The Boston Diaries

The ongoing saga of a programmer who doesn't live in Boston, nor does he even like Boston, but yet named his weblog/journal “The Boston Diaries.”

Go figure.

Saturday, Debtember 18, 2010

“Tron Legacy”

Jeff, Bunny and I went to see “Tron Legacy,” the sequel to Disney's 1982 film “Tron.

I'll say this right now—the film is just as cheesy as the original, but I'm still glad I saw it in the theater. The plot is predictable—Kevin Flynn (Jeff Bridges) makes an incredible discovery in the computer he helped to liberate (in “Tron”) and rebuilt, but one of his helper programs—the very one he wrote, CLU, staged a coup, killed TRON (the program written by Kevin's friend Alan Bradley (Bruce Boxleitner) that helped Flynn in the original movie) and trapped Flynn in the computer.

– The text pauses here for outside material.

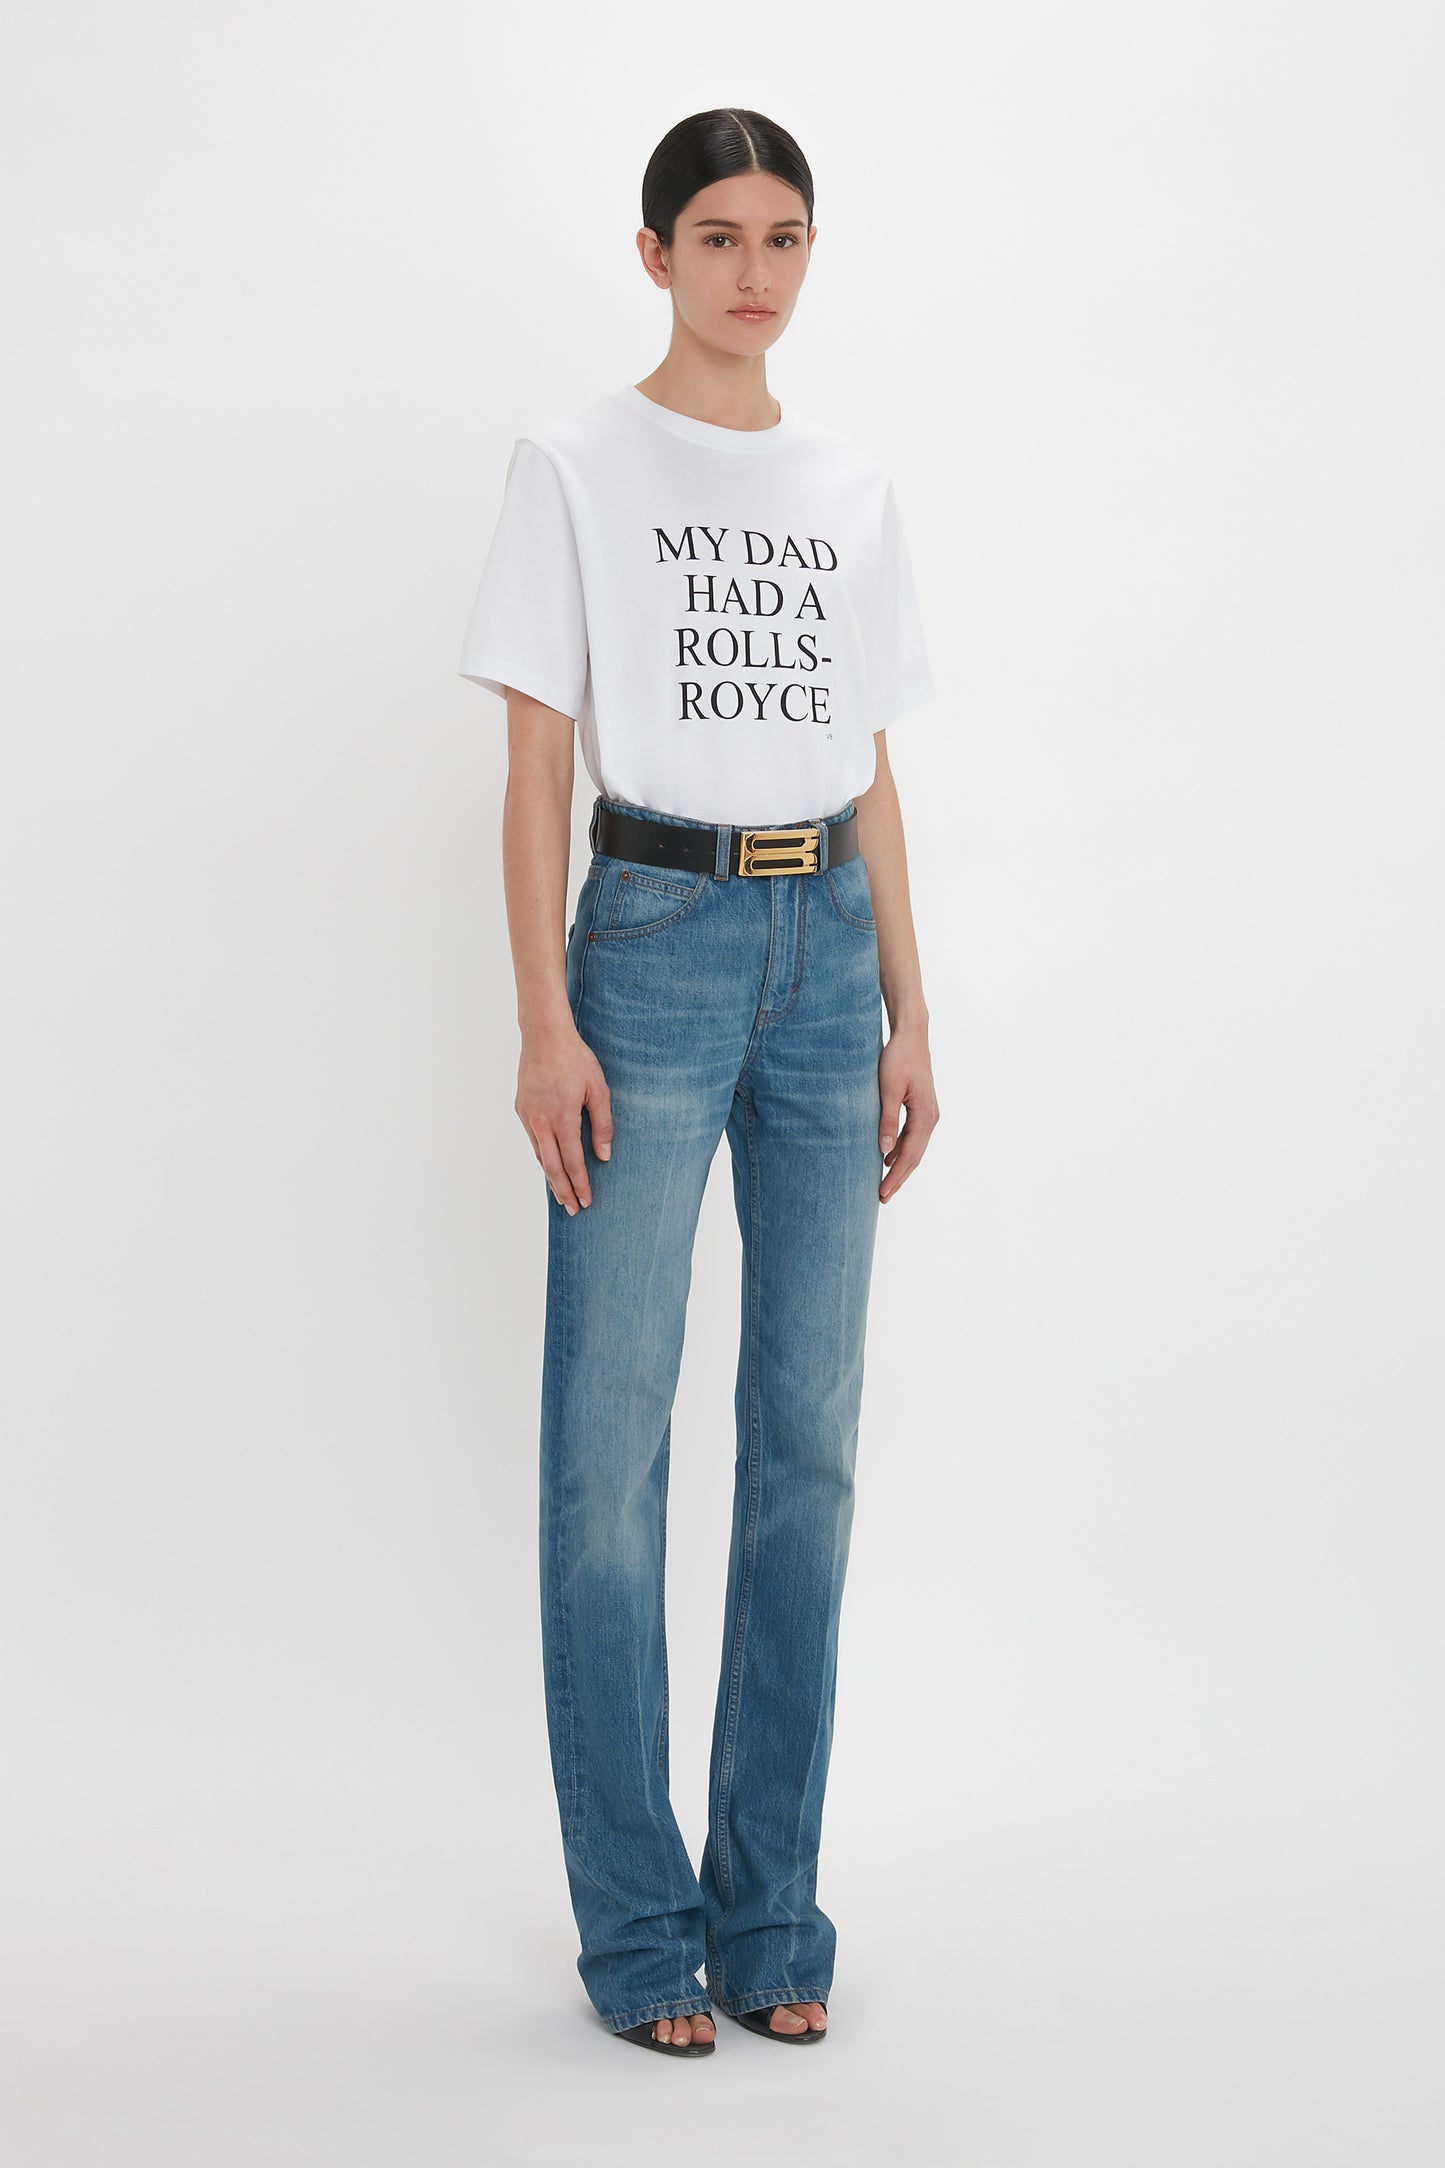 A woman wearing Victoria Beckham's Julia Jean In Broken Vintage Wash high waist jeans and a white t-shirt that reads "my dad had a rolls-royce" standing against a white background.

Twenty years later, Flynn's son Sam (Garrett Hedlund) gets a message from his father and when he goes to investigate, gets sucked into the computer and with the help of his father and another program, Quorra (Olivia Wilde) leads yet another revolution to free the computer for the users.

The real draw for this movie (and much like the original) is in the computer imagery and music. The visuals are absolutely stunning and the re-imaging of the iconic … um … icons, from Tron are beautiful, and that may prove to be its ultimate downfall in time. You see, in “Tron,” it was obvious that the animations were done via computer—they're pretty much the iconic look for “computer graphics” and strangely enough, for being almost thirty years old, stand up incredibly well. The imagery for “Tron Legacy” though, is too realistic (exhaust vents on the Recognizers? Really?) and solid looking. Gorgeous, yes, but this is meant to exist inside a computer; does it really need to look … well … realistic?

But on this quibble, time will tell.

Disney also had a tough task in making Jeff Bridges look young (for the opening scenes of the film, and a few flashbacks), and here, I think they failed overall, as the younger Kevin Flynn tended to fall right inside the Uncanny Valley. As CLU it would make sense that his likeness would fall into the Uncanny Valley, but given that none of the other “computer programs” fell there, it just made the “young” Jeff Bridges really disturbing to look at, unlike, say, Olivia Wilde or Beau Garrett, who, I must say, looked absolutely stunning in their Tron costumes.

For a fan of Tron, it's worth seeing. To see stunning visuals, it's worth seeing. For an incredible story and acting … um … not so much. Still a fun film, though.